Does the trading software suit your expectations? How efficient is customer service? All these must be carefully scrutinised before even beginning to consider the intricacies of trading itself. In continuation of the above item, it is necessary that we choose the account package that is most suited to our expectations and knowledge level. The various types of accounts offered by brokers can be confusing at first, but the general rule is that lower leverage is better.
If you have a good understanding of leverage and trading in general, you can be satisfied with a standard account. In general, the lower your risk, the higher your chances, so make your choices in the most conservative way possible, especially at the beginning of your career. One of the best tips for trading forex is to begin with small sums, and low leverage, while adding up to your account as it generates profits.

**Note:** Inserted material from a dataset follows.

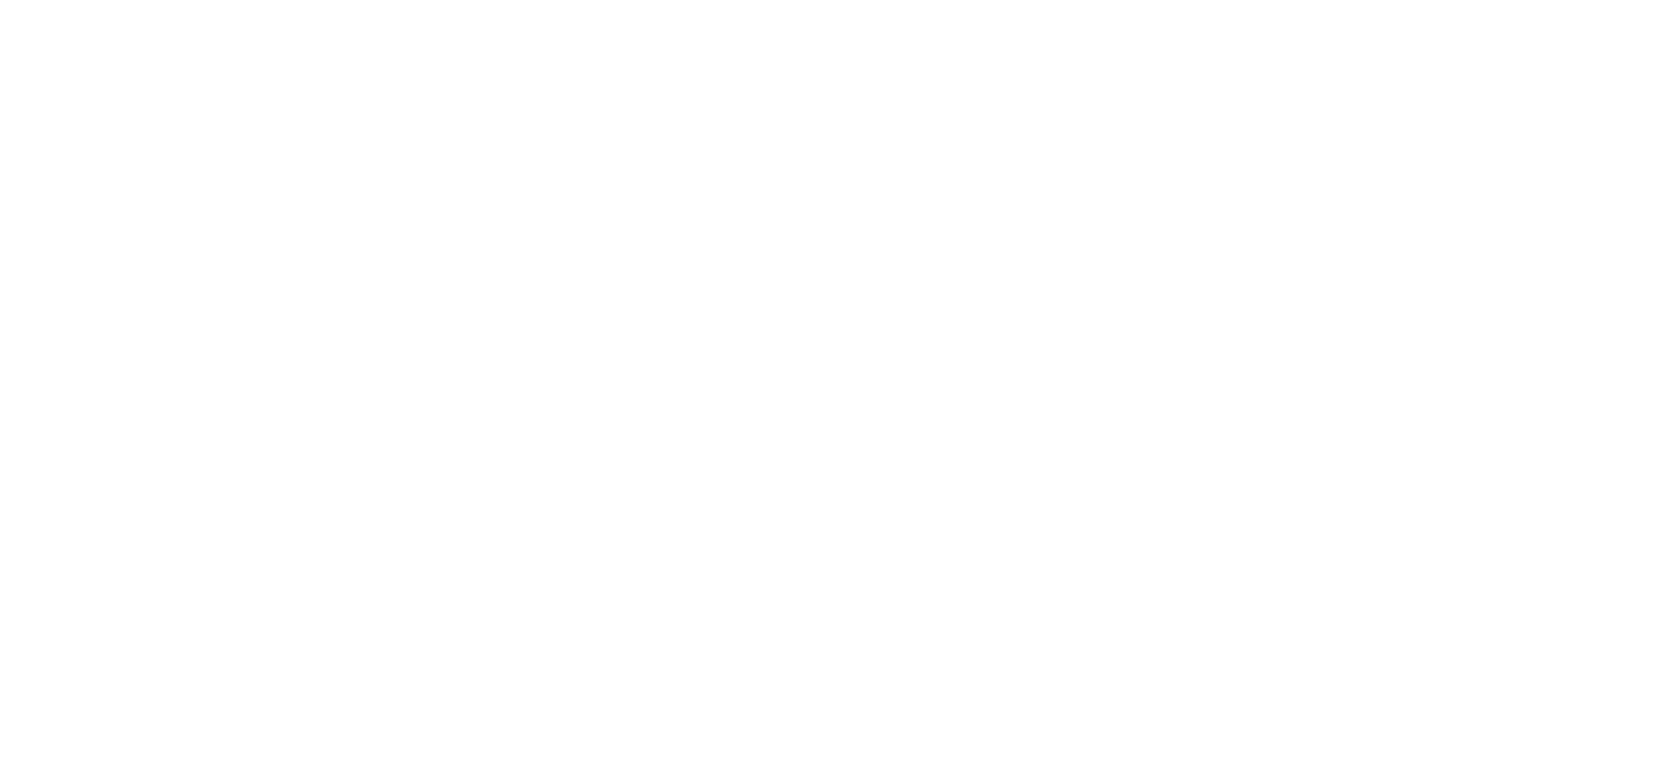 Scientific Literature-SciLit (Basel, Switzerland)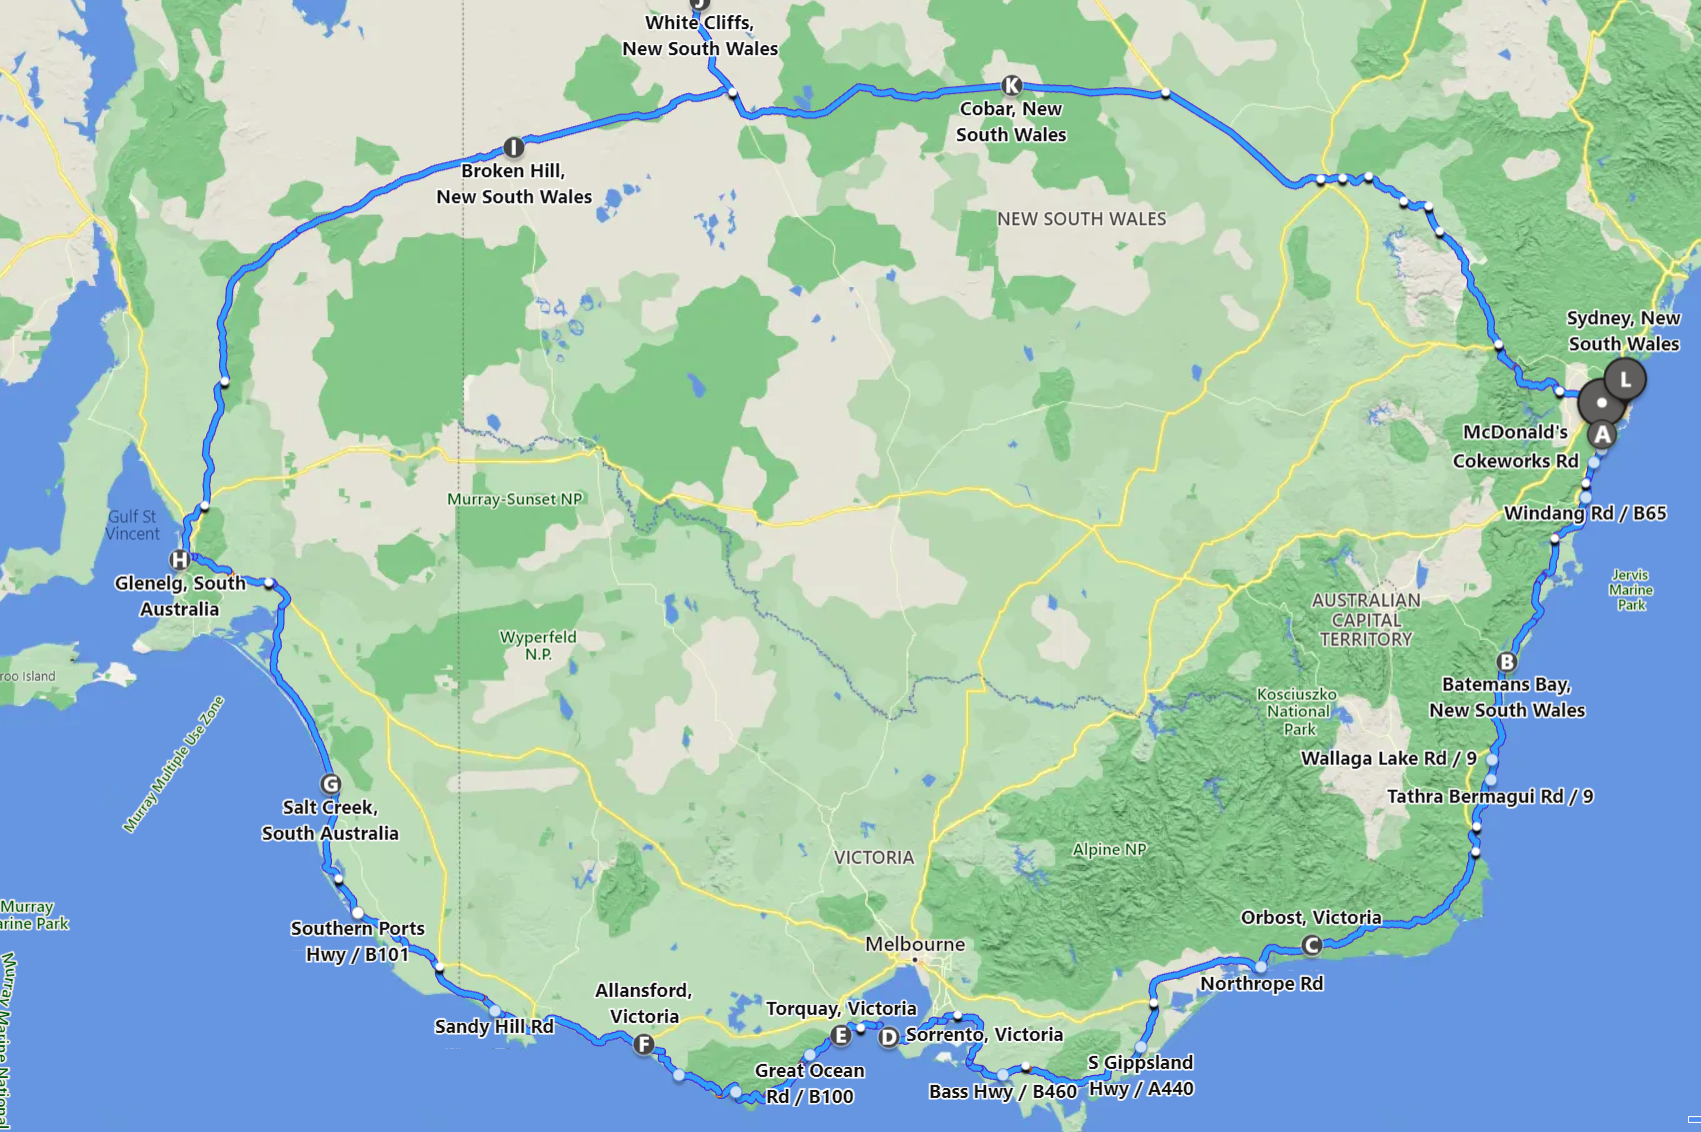 Planning a 4,000km Classic Mercedes road trip

There is no justification to the idea that a larger account will allow greater profits.
If you can increase the size of your account through your trading choices, perfect. The world of currency trading is deep and complicated, due to the chaotic nature of the markets, and the diverse characters and purposes of market participants. It is hard to master all the different kinds of financial activity that goes on in this world, so it is a great idea to restrict our trading activity to a currency pair which we understand, and with which we are familiar.
Beginning with the trading of the currency of your nation can be a great idea. Simple as it is, failure to abide by this principle has been the doom of countless traders. Do not trade on the basis of hearsay or rumors. While this is just common sense, ignorance of the principle, or carelessness in its employment has caused disasters to many traders in the course of history.
Nobody knows where a currency pair will be heading during the next few hours, days, or even weeks. There are lots of educated guesses, but no knowledge of where the price will be a short while later. Thus, the only certain value about trading is now. Nothing much can be said about the future. Consequently, there can be no point in adding to a losing position, unless you love gambling.
A position in the red can be allowed to survive on its own in accordance with the initial plan, but adding to it can never be an advisable practice. Yet traders are human beings, so it is obvious that we have to find a way of living with these emotions, while at the same time controlling them and minimizing their effect on our lives. That is why traders are always advised to begin with small amounts. By reducing our risk, we can be calm enough to realize our long term goals, reducing the impact of emotions on our trading choices.
A logical approach, and less emotional intensity are the best forex trading tips necessary to a successful career. An analytical approach to trading does not begin at the fundamental and technical analysis of price trends, or the formulation of trading strategies.
It begins at the first step taken into the career, with the first dollar placed in an open position, and the first mistakes in calculation and trading methods. The successful trader will keep a diary, a journal of his trading activity where he carefully scrutinizes his mistakes and successes to find out what works and what does not.
This is one of the most importance forex trading tips that you will get from a good mentor. We already noted the importance of emotional control in ensuring a successful and profitable career.
In order to minimize the role of emotions, one of the best of courses of action would be the automatization of trading choices and trader behavior. This is not about using forex robots, or buying expensive technical strategies. All that you need to do is to make sure that your responses to similar situations and trading scenarios are themselves similar in nature.
Let your reactions to market events follow a studied and tested pattern. Surprisingly, these unproven and untested products are extremely popular these days, generating great profits for their sellers, but little in the way of gains for their excited and hopeful buyers. The logical defense against such magical items is in fact easy.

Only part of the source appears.